# Home task: pandas 

## Question 1

- Load the energy data from the file [Energy Indicators.xls](http://unstats.un.org/unsd/environment/excel_file_tables/2013/Energy%20Indicators.xls).
It is a list of indicators of energy supply and renewable electricity production from the United Nations for the year 2013.


- It should be put into a DataFrame with the variable name of "energy"


- Make sure to exclude the footer and header information from the datafile.


- The first two columns are unneccessary, so you should get rid of them, and you should change the column labels so that the columns are:<br>
`['Country', 'Energy Supply', 'Energy Supply per Capita', '% Renewable']`


- Convert `Energy Supply` to gigajoules (there are 1,000,000 gigajoules in a petajoule).

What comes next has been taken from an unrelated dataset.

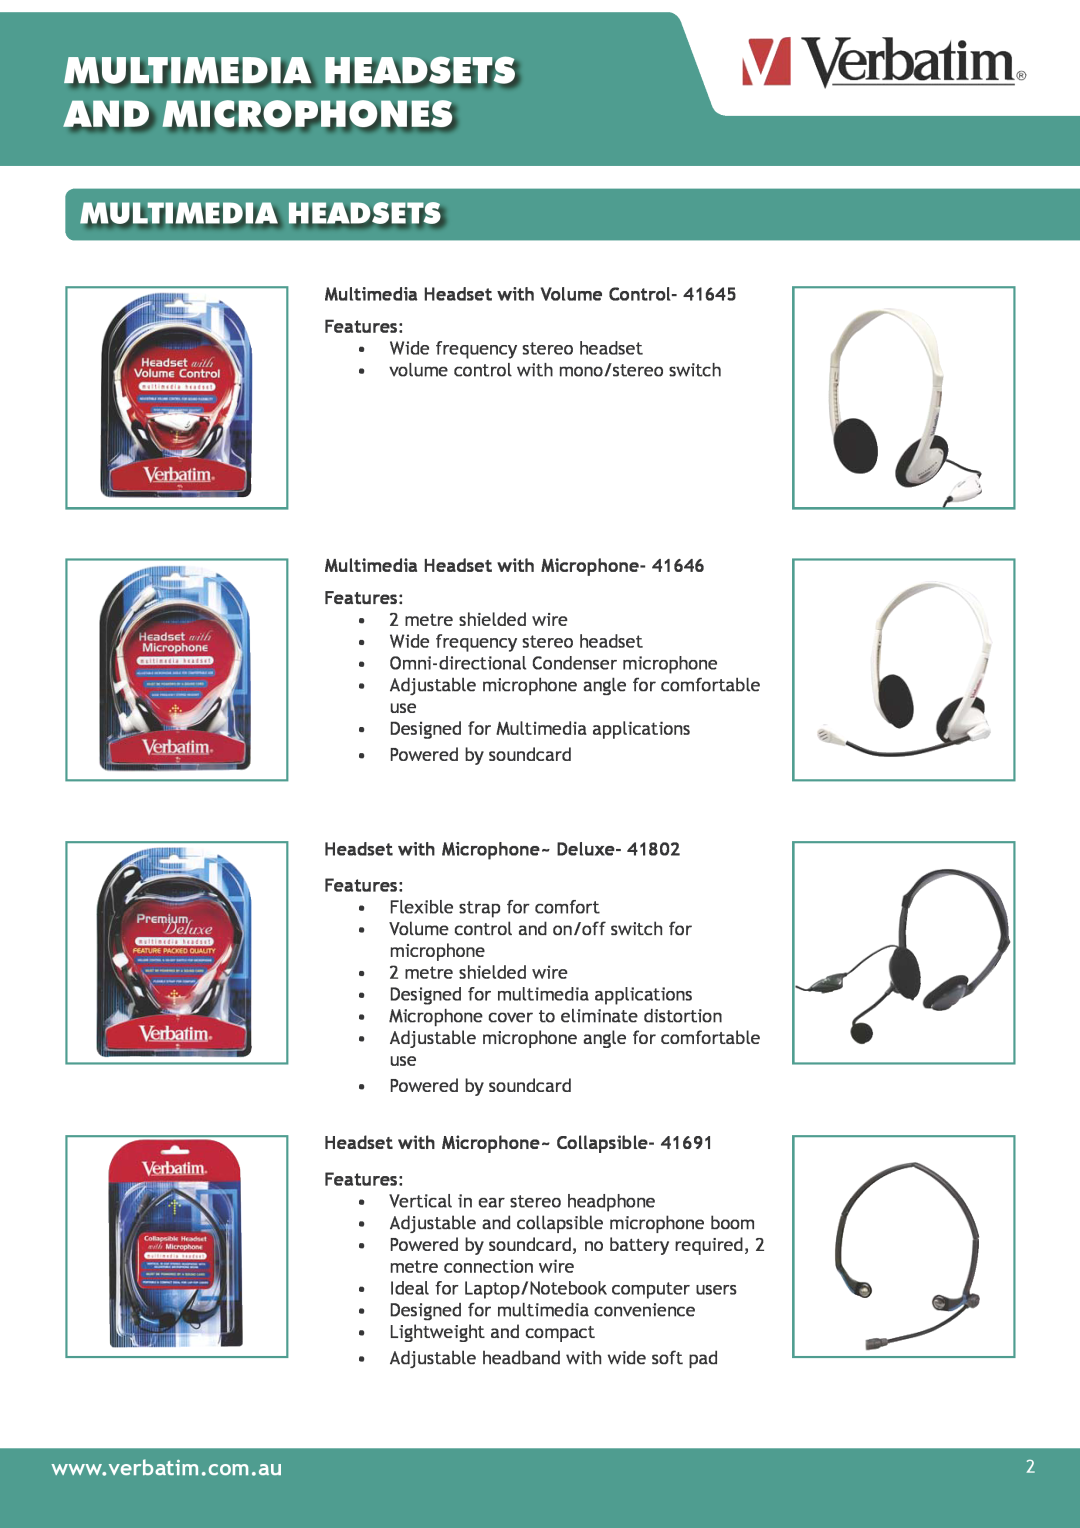 Verbatim Multimedia Headsets & Microphones Multimedia Headsets And Microphones, Headset with Microphone~ Deluxe Features 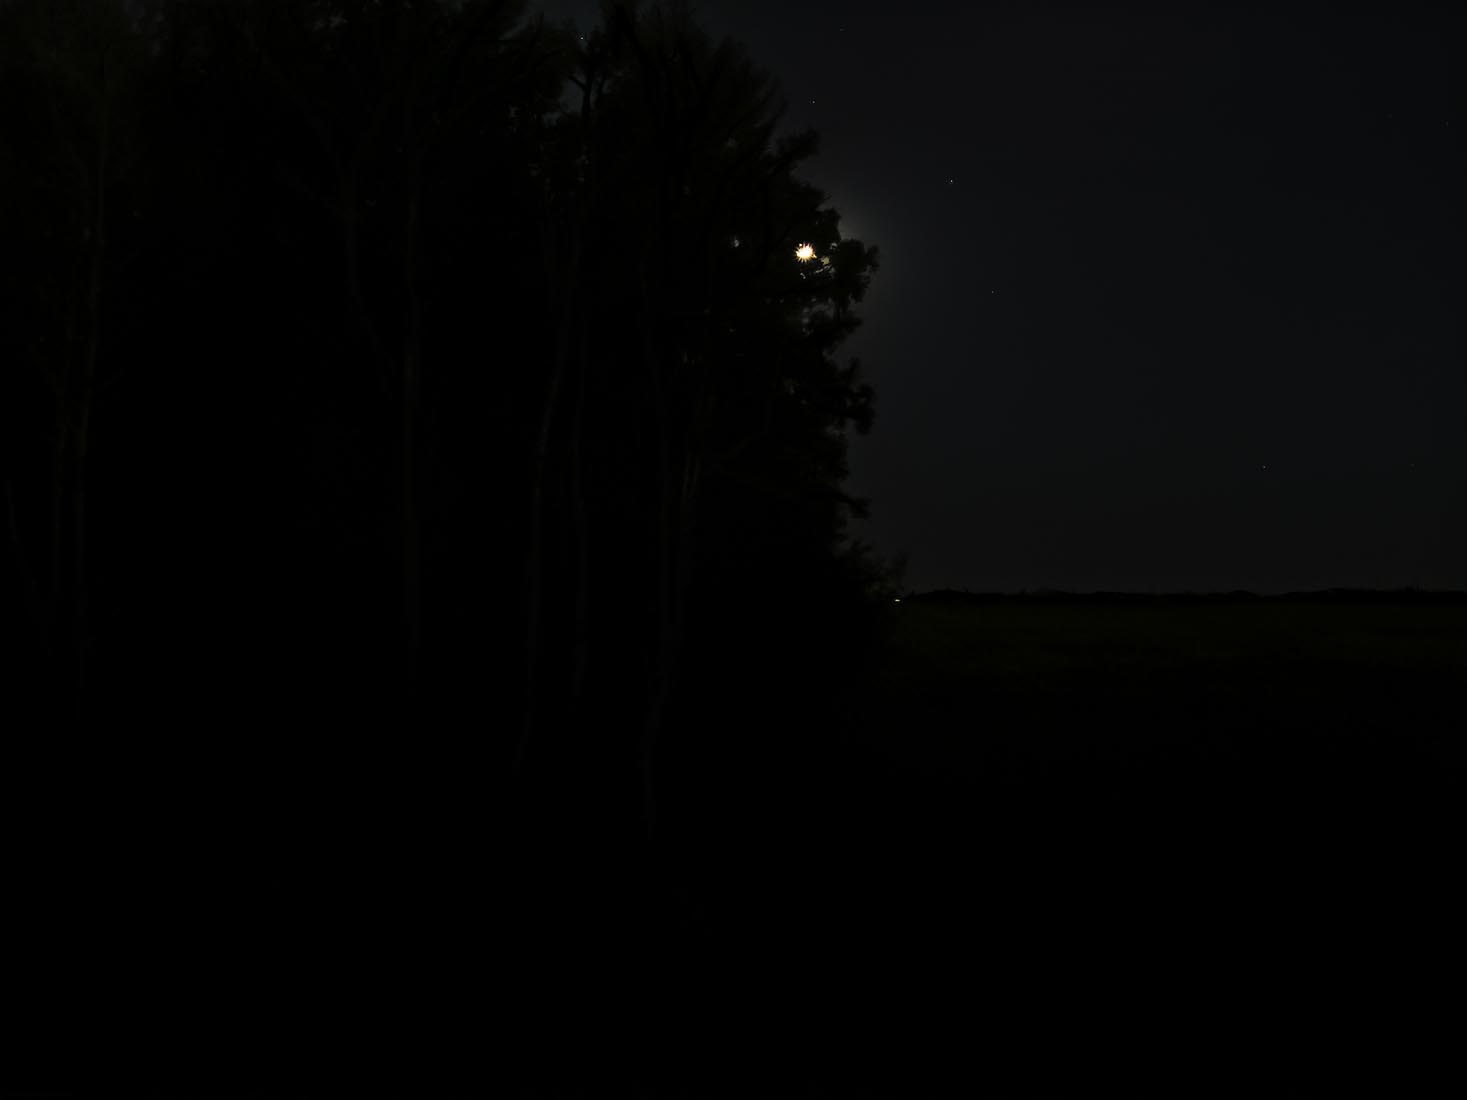 Mysterious Twilight/Night World: Moon on the Farm

- For all countries which have missing data (e.g. data with `...`) make sure this is reflected as `np.NaN` values.


- Rename the following list of countries (for use in later questions):
    - `Republic of Korea`: `South Korea`,
    - `United States of America`: `United States`,
    - `United Kingdom of Great Britain and Northern Ireland`: `United Kingdom`,
    - `China, Hong Kong Special Administrative Region`: `Hong Kong`


- There are also several countries with numbers and/or parenthesis in their name. Be sure to remove these, e.g.:
    - `Bolivia (Plurinational State of)` should be `Bolivia`,
    - `Switzerland17` should be `Switzerland`.


- Next, load the GDP data from the file ["world_bank.csv"](http://data.worldbank.org/indicator/NY.GDP.MKTP.CD). 
It is a csv containing countries' GDP from 1960 to 2015 from World Bank. Call this DataFrame "GDP"


- Make sure to skip the header, and rename the following list of countries:
    - `Korea, Rep.`: `South Korea`,
    - `Iran, Islamic Rep.`: `Iran`,
    - `Hong Kong SAR, China`: `Hong Kong`


- Finally, load the "Sciamgo Journal and Country Rank data for [Energy Engineering and Power Technology"](http://www.scimagojr.com/countryrank.php?category=2102). It ranks countries based on their journal contributions in the aforementioned area. Call this DataFrame "ScimEn"


- Join the three datasets: Energy, GDP, and ScimEn into a new dataset (using the intersection of country names). Use only the 10 years (2006-2015) of GDP data and only the top 15 countries by Scimagojr 'Rank' (Rank 1 through 15).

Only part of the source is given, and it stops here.